If you ask Ames or the National Research Council what all this means, you won’t hear anyone say OMG don’t eat plants; they are trying to kill us. It’s Ames’s belief that plants are exceptionally good for us in spite of the fact that they contain high levels of natural toxins—and that we certainly shouldn’t be worried about the minuscule differences in pesticide levels between organic and conventional foods. Indeed, if the research literature is clear about anything regarding fruits and vegetables, it’s that eating more of them—conventional or organic—does good things for the body. One review concluded that the quartile of Americans who eat the most fruits and vegetables, organic or not, are about half as likely to develop cancer compared to the quartile who eat the least. Fruits and veggies may also prevent heart disease and diabetes. A fascinating 2012 study used research-based models to predict what would happen if half of all Americans increased their (conventional) fruit and vegetable intake by a single serving each day; it predicted that doing so would prevent 20,000 cases of cancer a year. When the authors modeled whether this increased intake might pose risks due to the greater pesticide exposure, they concluded that yes, there might be 10 additional cases of cancer every year in the U.S. Put another way, the benefits far, far outweigh the risks.

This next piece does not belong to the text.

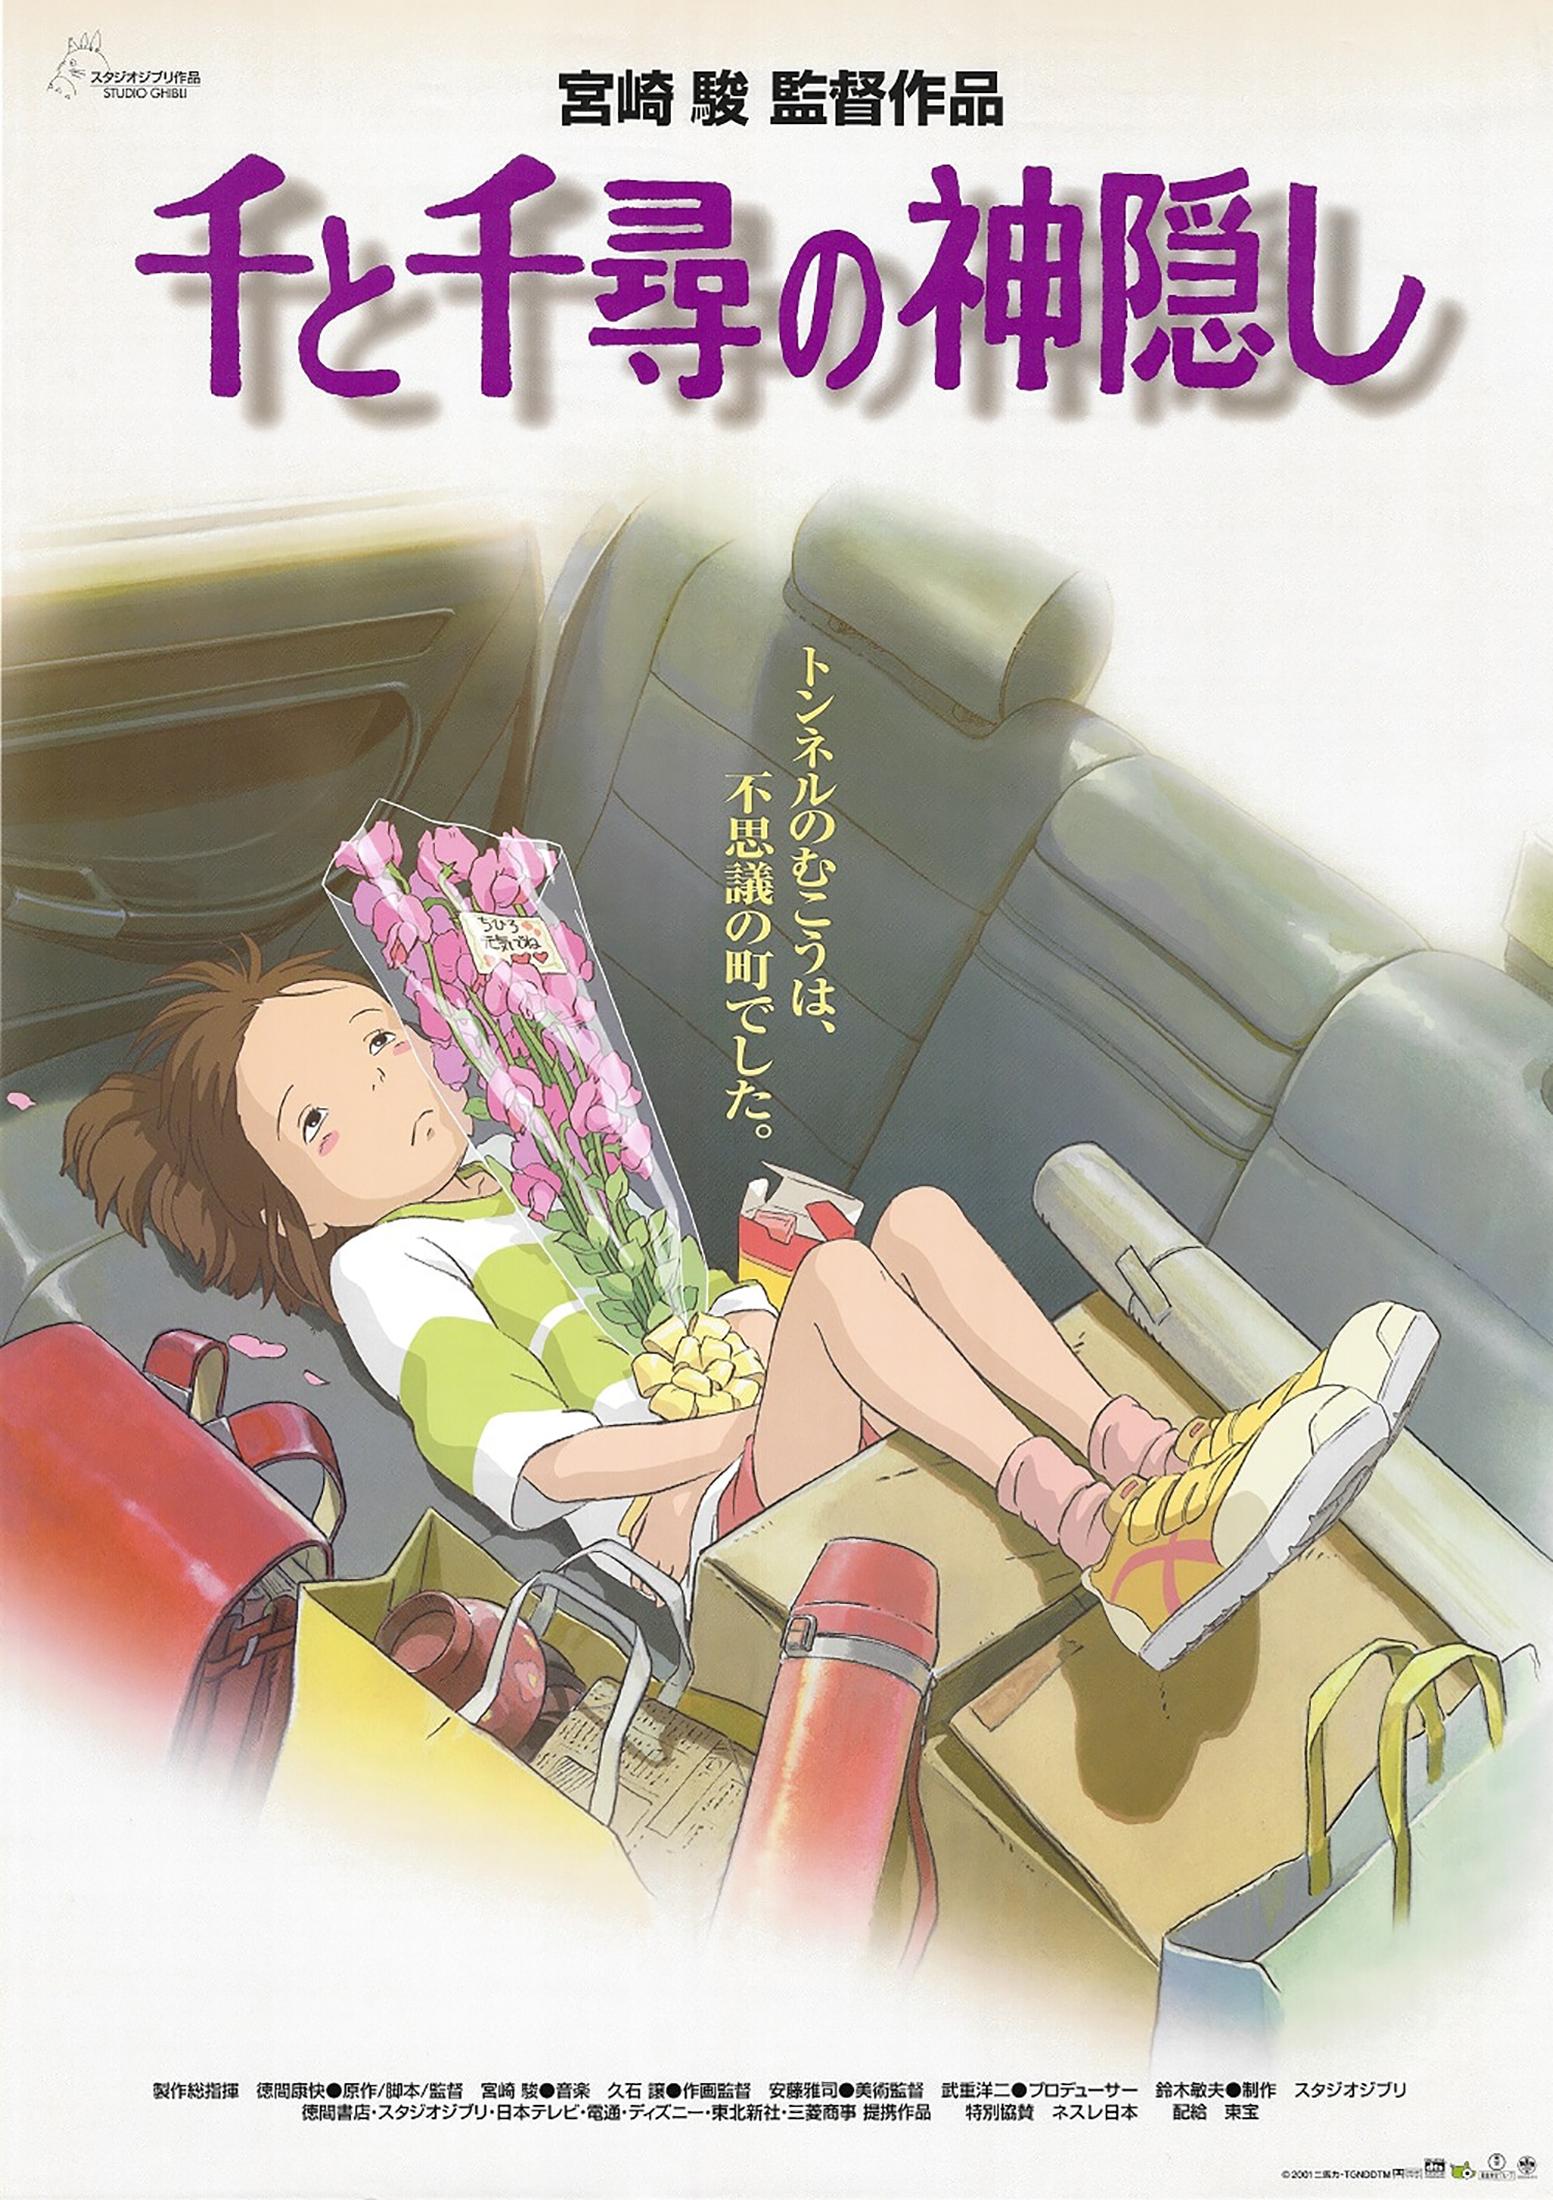 Spirited Away Original Vintage Movie Poster, Studio Ghibli (2001), Miyazaki - Print by Unknown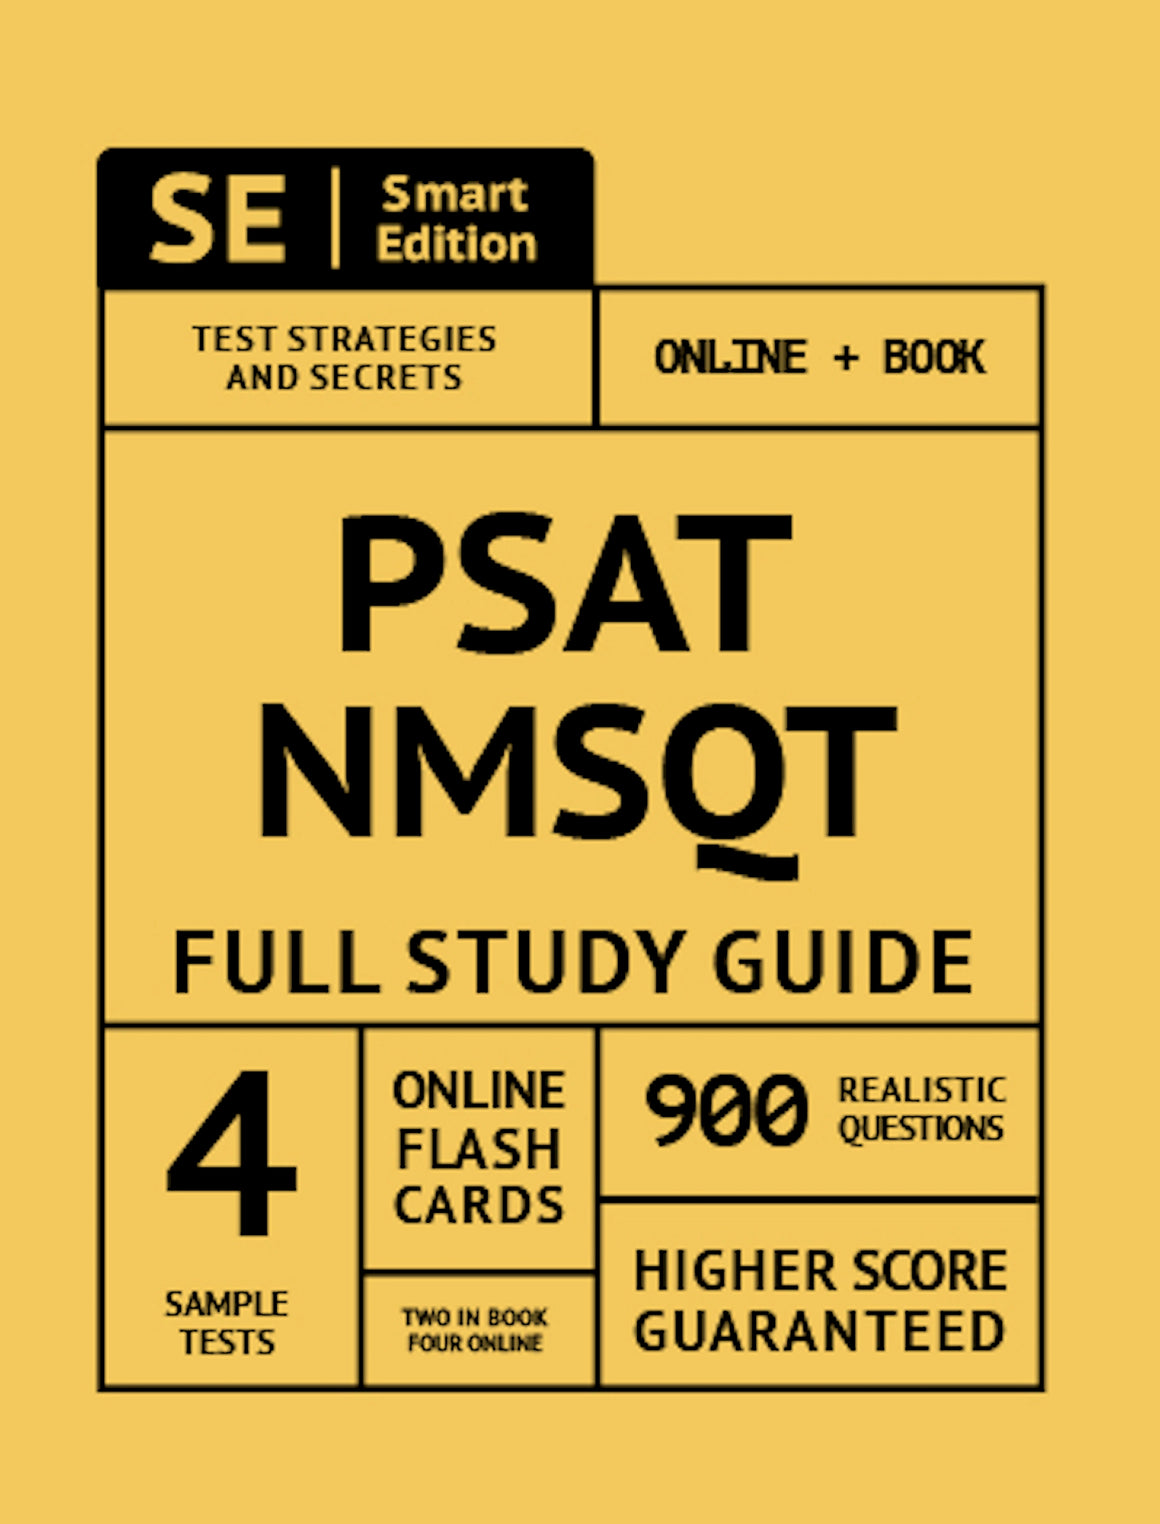 PSAT/NMSQT Full Study Guide

What all this means for parents is that we should stop worrying so much about whether the apples we buy are organic or conventional—we should just start giving our kids more apples. (And, sure, wash them when you can.) The Environmental Working Group agrees: In the first sentence of the executive summary of its 2013 Shoppers Guide to Produce, the organization points out that “the health benefits of a diet rich in fruits and vegetables outweigh the risks of pesticide exposure.” What’s more, irrational fears over conventionally farmed produce can introduce dangerous trade-offs. As University of Michigan decision psychologist Brian Zikmund-Fisher put it to me, “If you don’t feed your kid the ‘right strawberry,’ what do you feed him?” I’ve walked into markets with a hungry kid and been so afraid to buy the conventional apple that I’ve gotten him a snack pack of Annie’s Crackers instead. And I know there are parents who buy the Peter Rabbit Organics Fruit Pouches at Starbucks because they don’t know whether the bananas on display are organic. These aren’t smart moves. It is far, far better for your kids’ long-term health to get them in the habit of eating whole fruits and vegetables, regardless of what type of farm they came from, than to give them pretty much anything else to eat, no matter how organic or all-natural it may be.
Correction, Jan. 30, 2014: This article originally misstated that in none of the studies were the fruits and vegetables washed before testing. The USDA's Pesticide Data Program does rinse produce before residue testing. (Return.)